▸ What to do
Would you retype every record below exactly as written?
:: Given records ::
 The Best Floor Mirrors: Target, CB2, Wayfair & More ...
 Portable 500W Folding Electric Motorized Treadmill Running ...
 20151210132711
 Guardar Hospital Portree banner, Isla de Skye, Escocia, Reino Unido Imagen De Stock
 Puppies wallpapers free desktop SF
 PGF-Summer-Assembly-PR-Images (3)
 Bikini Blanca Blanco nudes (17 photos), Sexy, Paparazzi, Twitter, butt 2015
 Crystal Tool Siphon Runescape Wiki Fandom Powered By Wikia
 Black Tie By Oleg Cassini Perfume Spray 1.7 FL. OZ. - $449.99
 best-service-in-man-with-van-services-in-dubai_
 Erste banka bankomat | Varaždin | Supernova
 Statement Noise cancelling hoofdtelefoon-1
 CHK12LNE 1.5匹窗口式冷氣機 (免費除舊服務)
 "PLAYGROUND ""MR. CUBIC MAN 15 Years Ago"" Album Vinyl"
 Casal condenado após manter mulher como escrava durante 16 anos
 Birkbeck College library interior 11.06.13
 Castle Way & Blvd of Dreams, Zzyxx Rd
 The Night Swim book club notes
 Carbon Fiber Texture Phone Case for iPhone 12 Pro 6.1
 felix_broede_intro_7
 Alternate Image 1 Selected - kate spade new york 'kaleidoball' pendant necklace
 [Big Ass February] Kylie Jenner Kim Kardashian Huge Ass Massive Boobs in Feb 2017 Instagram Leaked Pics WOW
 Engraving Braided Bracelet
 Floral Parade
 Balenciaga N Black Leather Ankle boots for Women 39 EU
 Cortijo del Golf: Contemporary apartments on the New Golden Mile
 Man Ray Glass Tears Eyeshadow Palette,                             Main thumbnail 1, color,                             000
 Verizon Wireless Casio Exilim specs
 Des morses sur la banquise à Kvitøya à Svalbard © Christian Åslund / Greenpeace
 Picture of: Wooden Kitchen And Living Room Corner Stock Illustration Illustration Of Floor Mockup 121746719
:::
▸ Exercise solution
 The Best Floor Mirrors: Target, CB2, Wayfair & More ...
 Portable 500W Folding Electric Motorized Treadmill Running ...
 20151210132711
 Guardar Hospital Portree banner, Isla de Skye, Escocia, Reino Unido Imagen De Stock
 Puppies wallpapers free desktop SF
 PGF-Summer-Assembly-PR-Images (3)
 Bikini Blanca Blanco nudes (17 photos), Sexy, Paparazzi, Twitter, butt 2015
 Crystal Tool Siphon Runescape Wiki Fandom Powered By Wikia
 Black Tie By Oleg Cassini Perfume Spray 1.7 FL. OZ. - $449.99
 best-service-in-man-with-van-services-in-dubai_
 Erste banka bankomat | Varaždin | Supernova
 Statement Noise cancelling hoofdtelefoon-1
 CHK12LNE 1.5匹窗口式冷氣機 (免費除舊服務)
 "PLAYGROUND ""MR. CUBIC MAN 15 Years Ago"" Album Vinyl"
 Casal condenado após manter mulher como escrava durante 16 anos
 Birkbeck College library interior 11.06.13
 Castle Way & Blvd of Dreams, Zzyxx Rd
 The Night Swim book club notes
 Carbon Fiber Texture Phone Case for iPhone 12 Pro 6.1
 felix_broede_intro_7
 Alternate Image 1 Selected - kate spade new york 'kaleidoball' pendant necklace
 [Big Ass February] Kylie Jenner Kim Kardashian Huge Ass Massive Boobs in Feb 2017 Instagram Leaked Pics WOW
 Engraving Braided Bracelet
 Floral Parade
 Balenciaga N Black Leather Ankle boots for Women 39 EU
 Cortijo del Golf: Contemporary apartments on the New Golden Mile
 Man Ray Glass Tears Eyeshadow Palette,                             Main thumbnail 1, color,                             000
 Verizon Wireless Casio Exilim specs
 Des morses sur la banquise à Kvitøya à Svalbard © Christian Åslund / Greenpeace
 Picture of: Wooden Kitchen And Living Room Corner Stock Illustration Illustration Of Floor Mockup 121746719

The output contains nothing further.